- Recorded data -
================

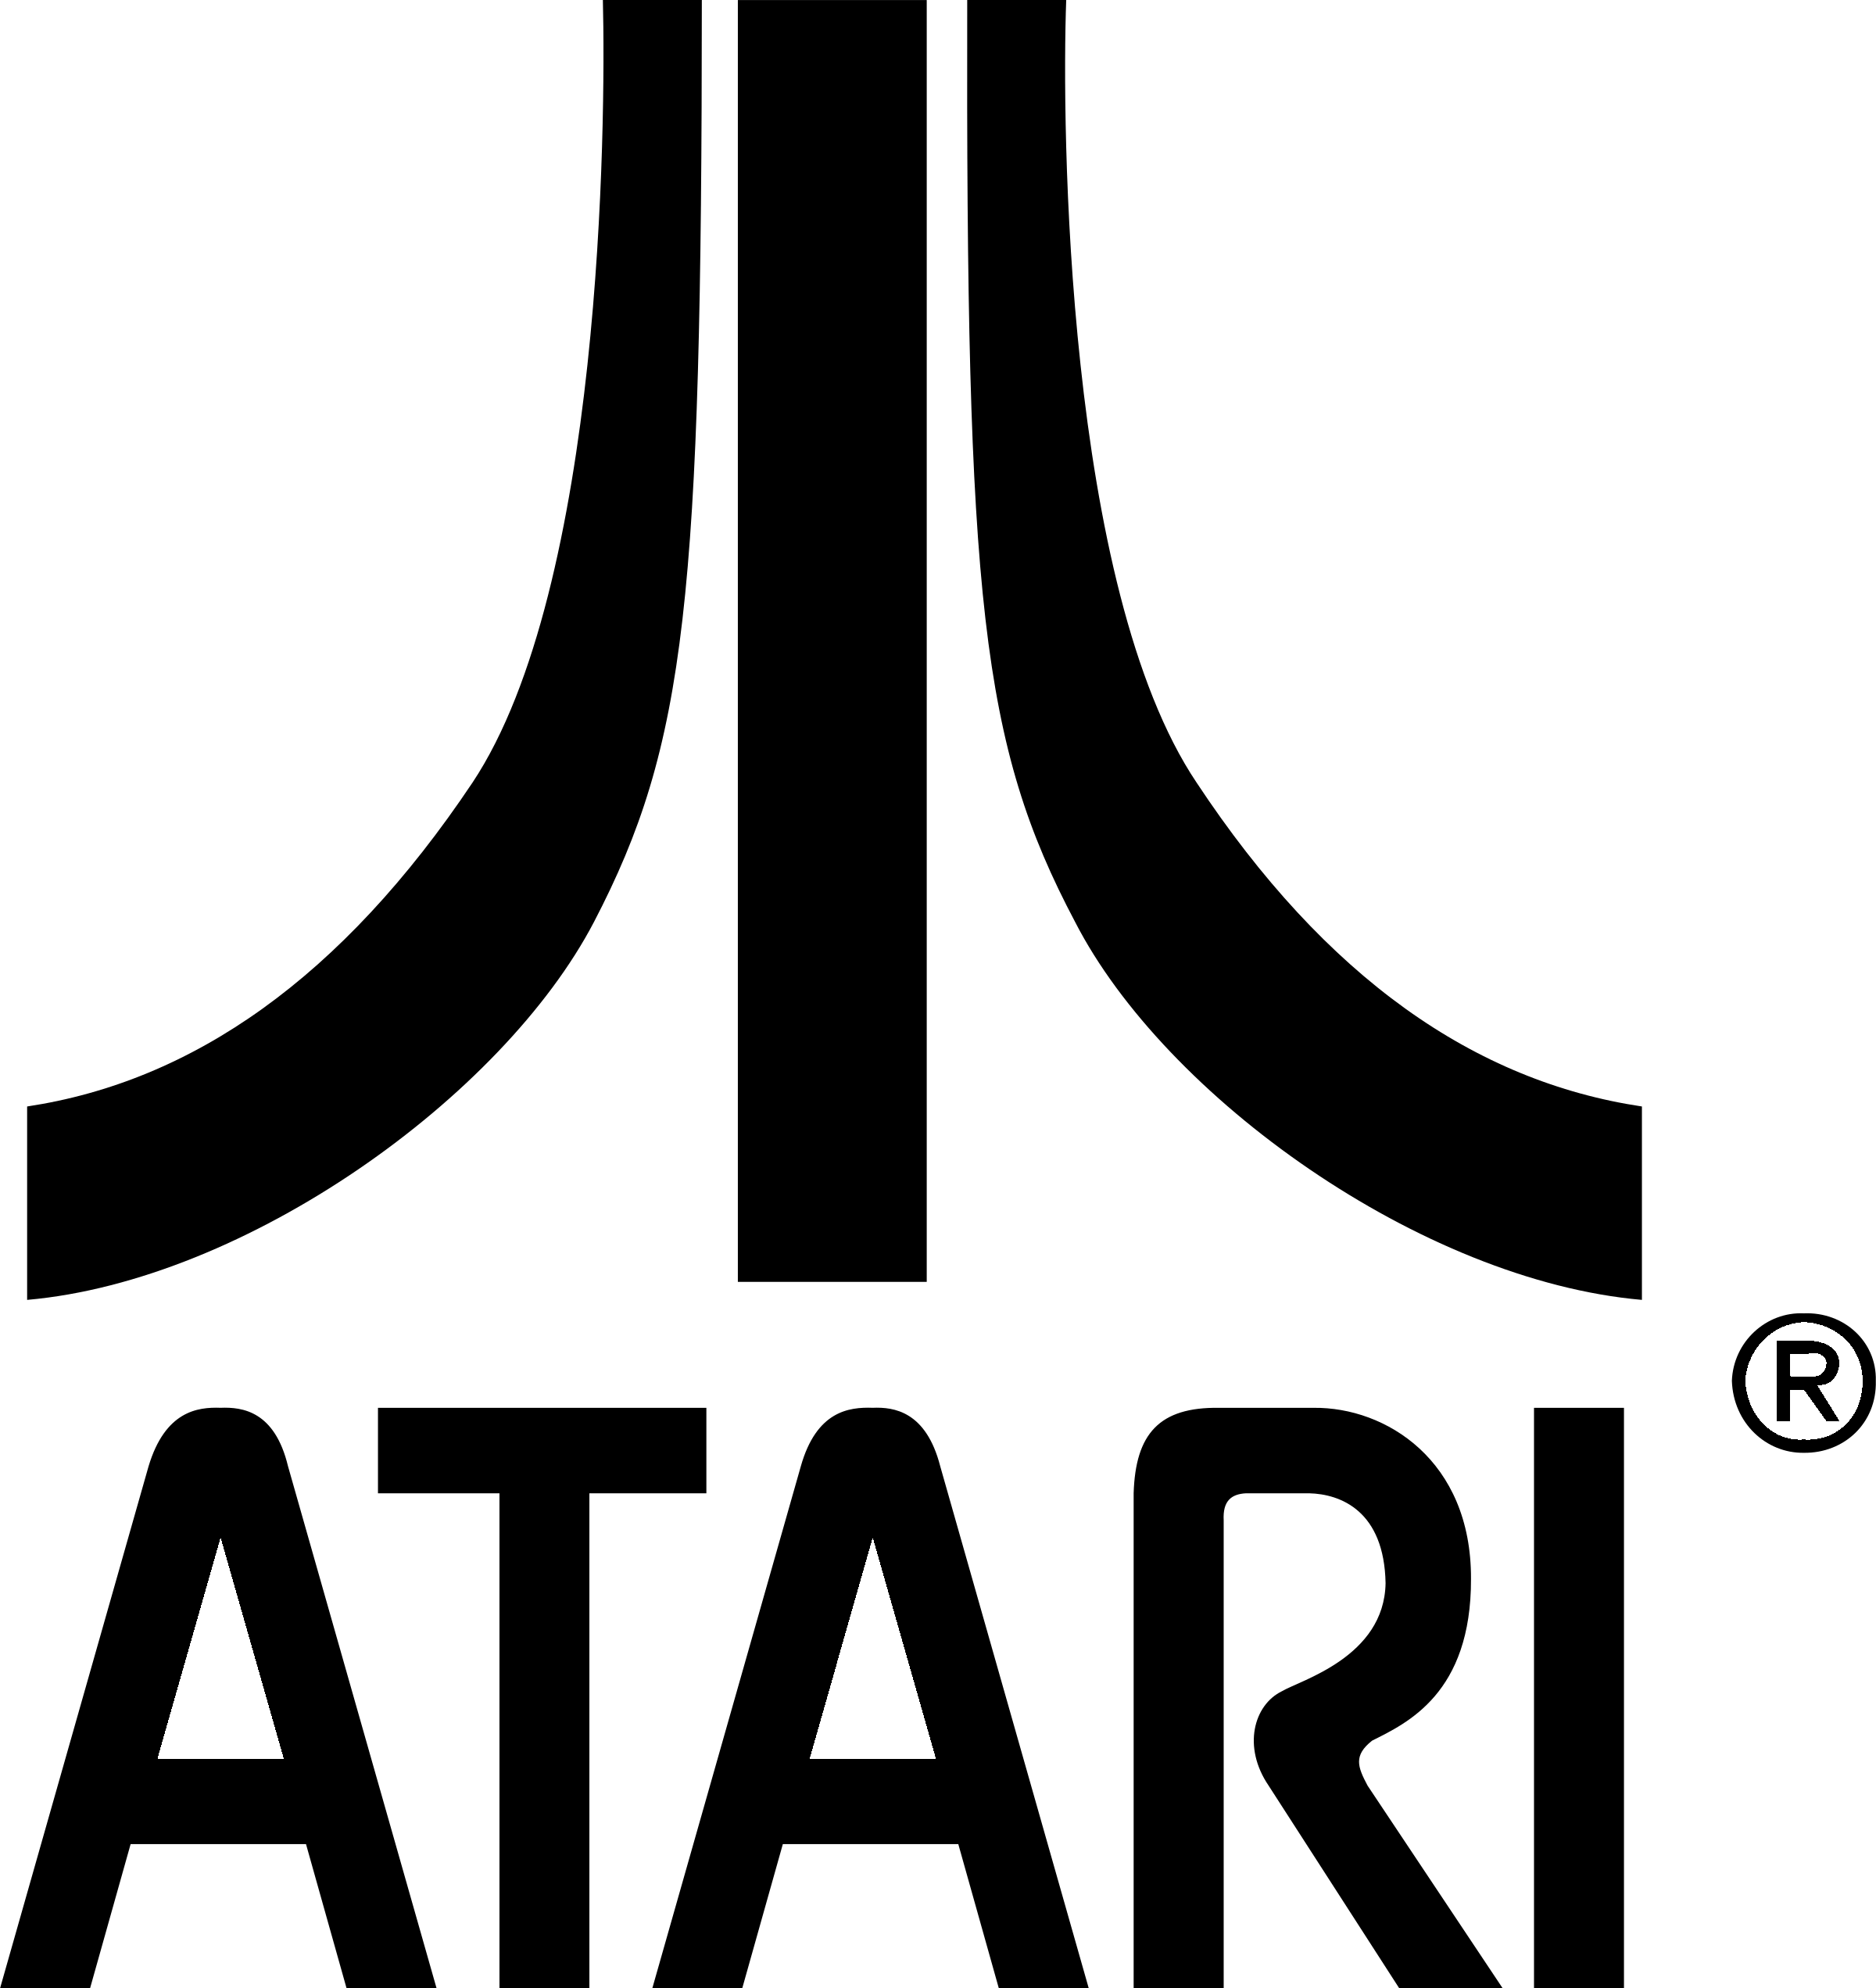 Atari Logo Black And White Atari Logo Game Logo Rainbow Logo
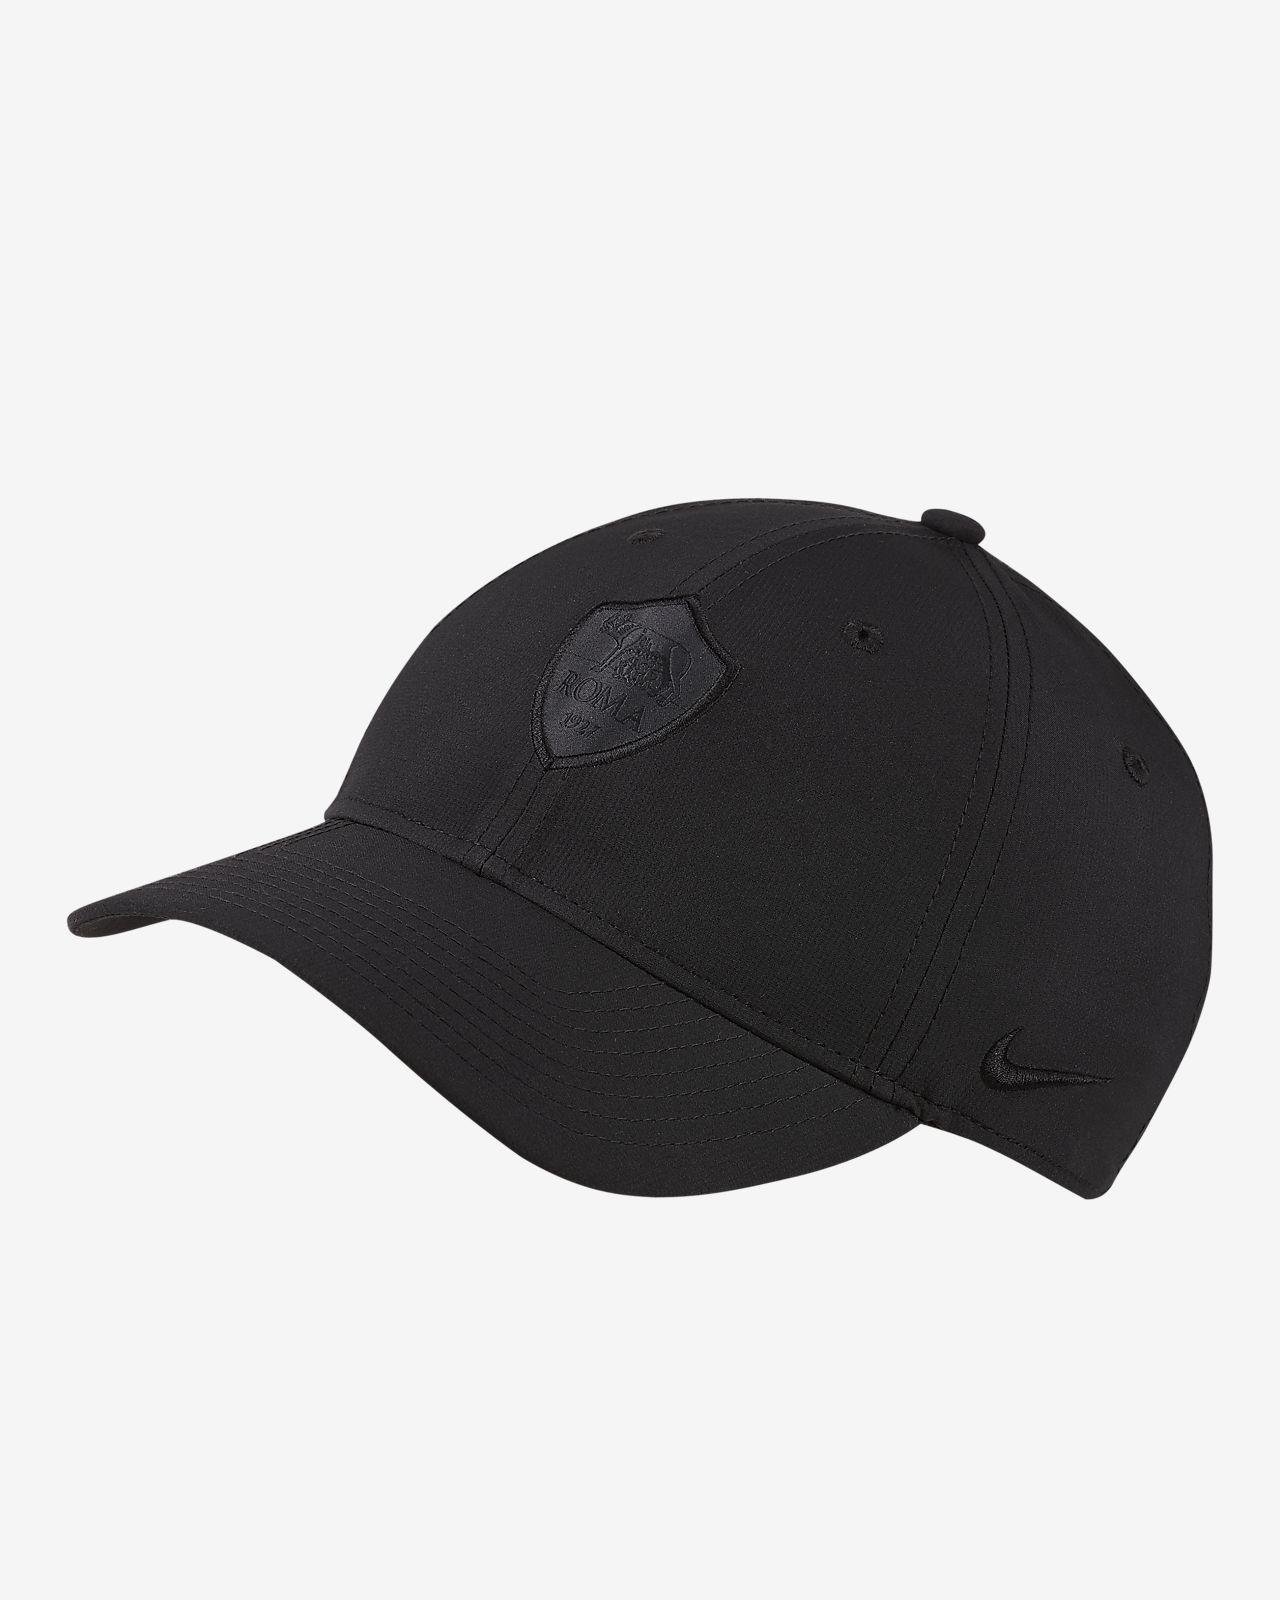 A.S. Rom Legacy91 verstellbare Cap
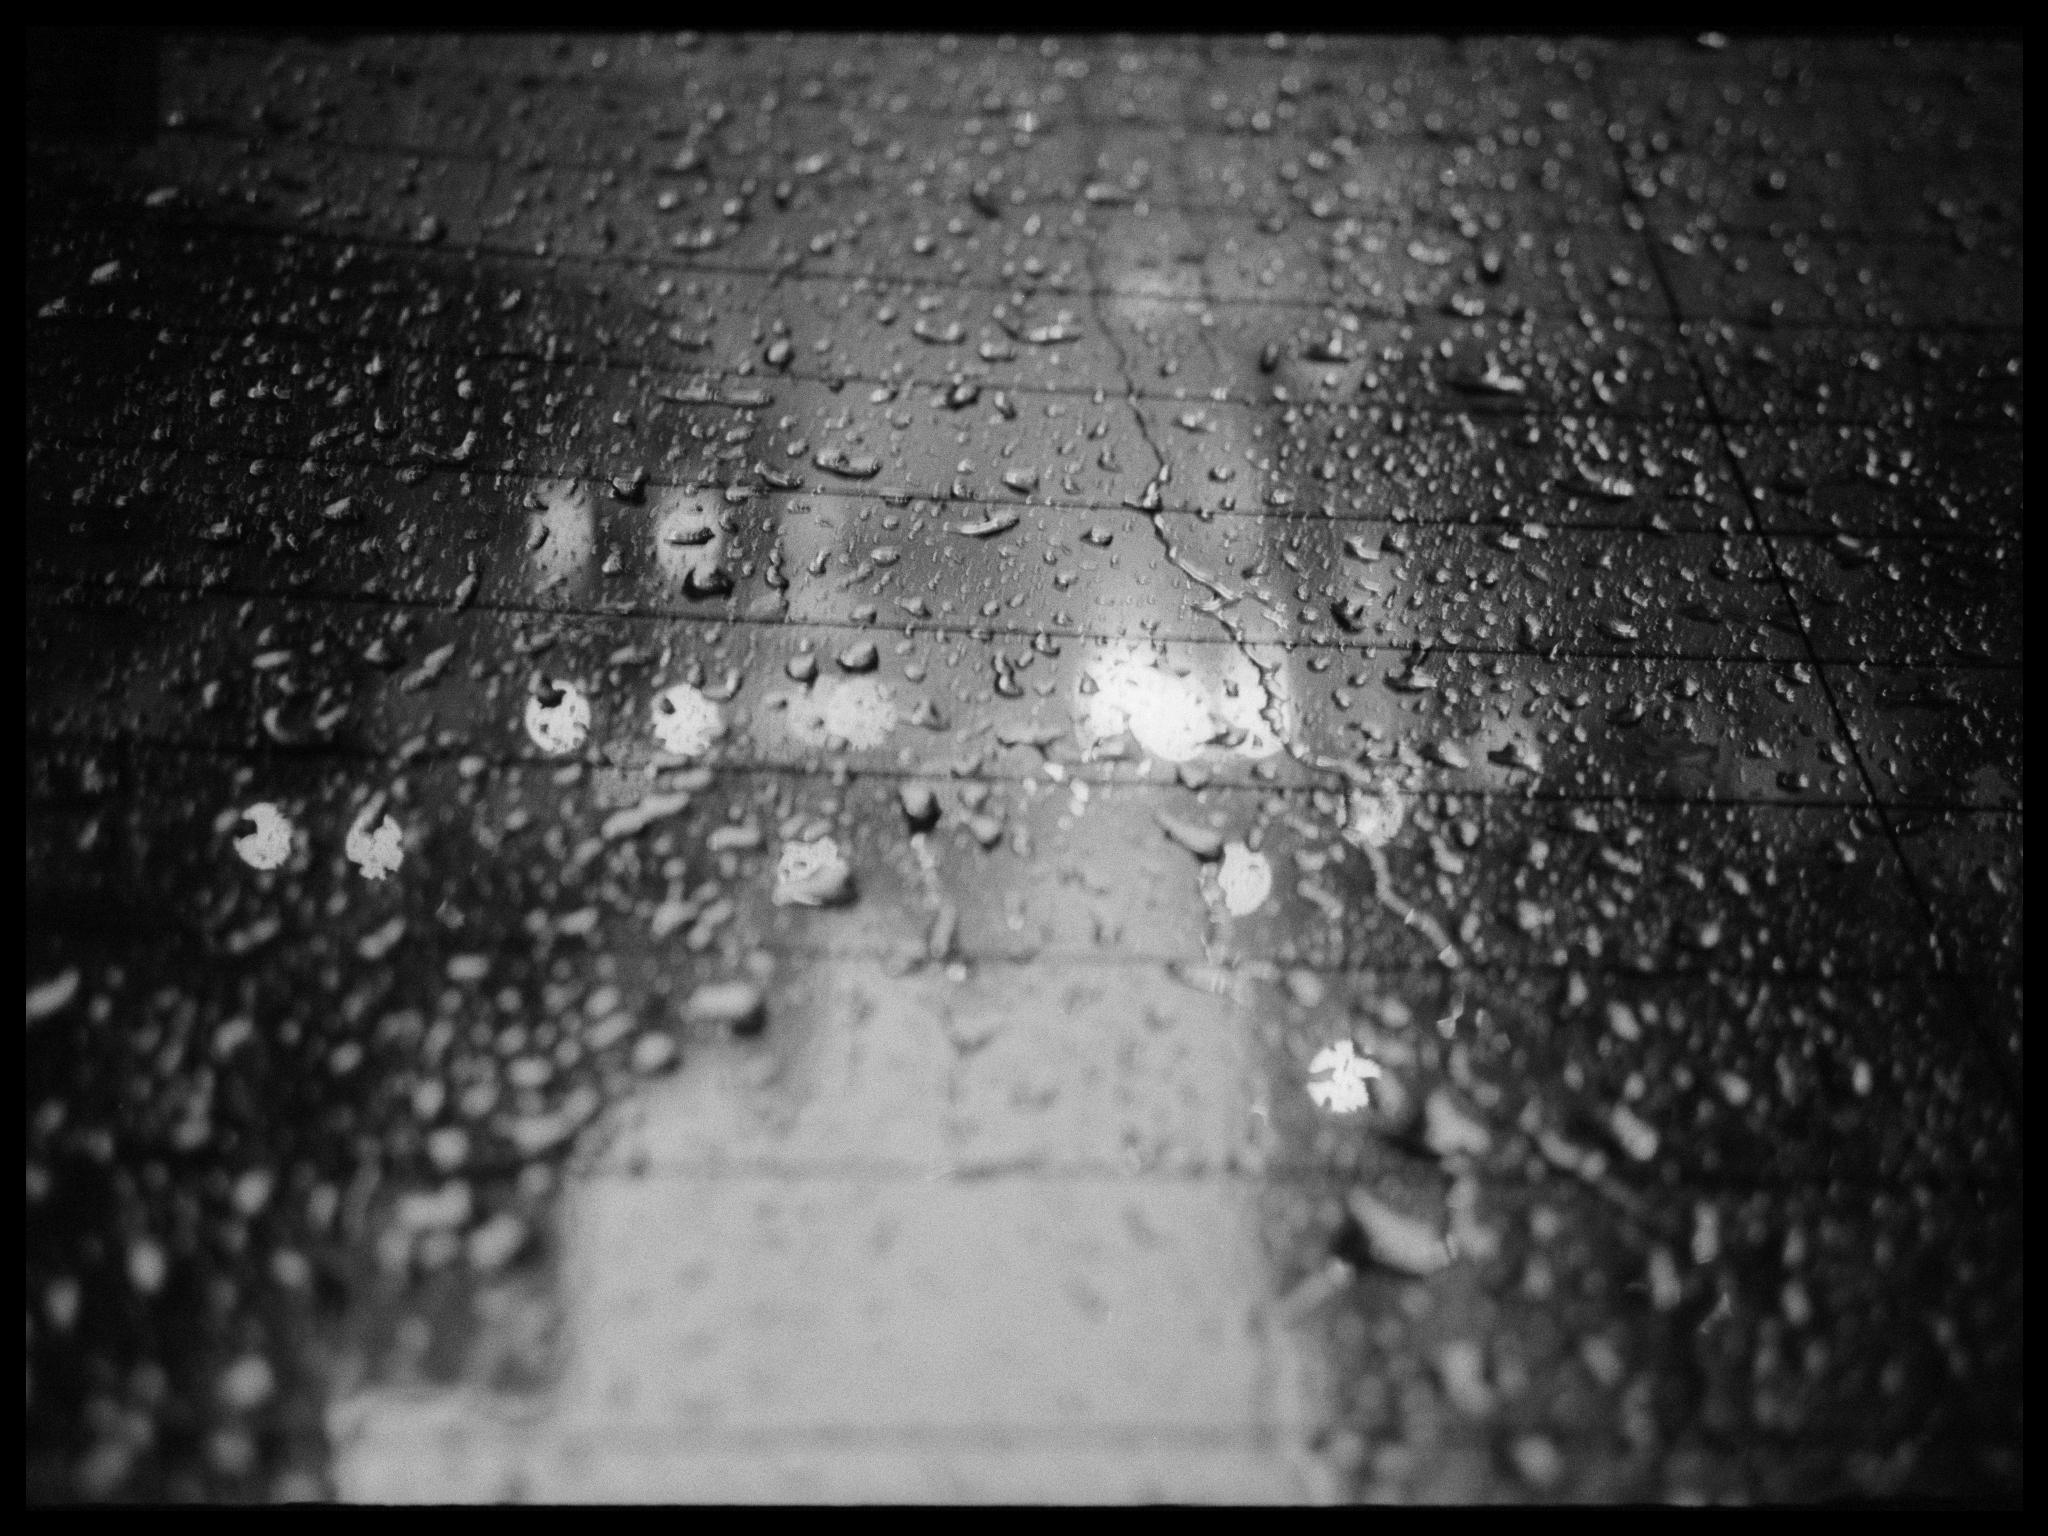 Debora-Francis-Little-Moments-1-01.jpg

================

- Try it -
Leave out the pictures, then reproduce exactly the run of lines from the one that contains "A.S. Rom Legacy91 verstellbare Cap" to the final line of the listing above.

- Answer space -
 A.S. Rom Legacy91 verstellbare Cap
 Debora-Francis-Little-Moments-1-01.jpg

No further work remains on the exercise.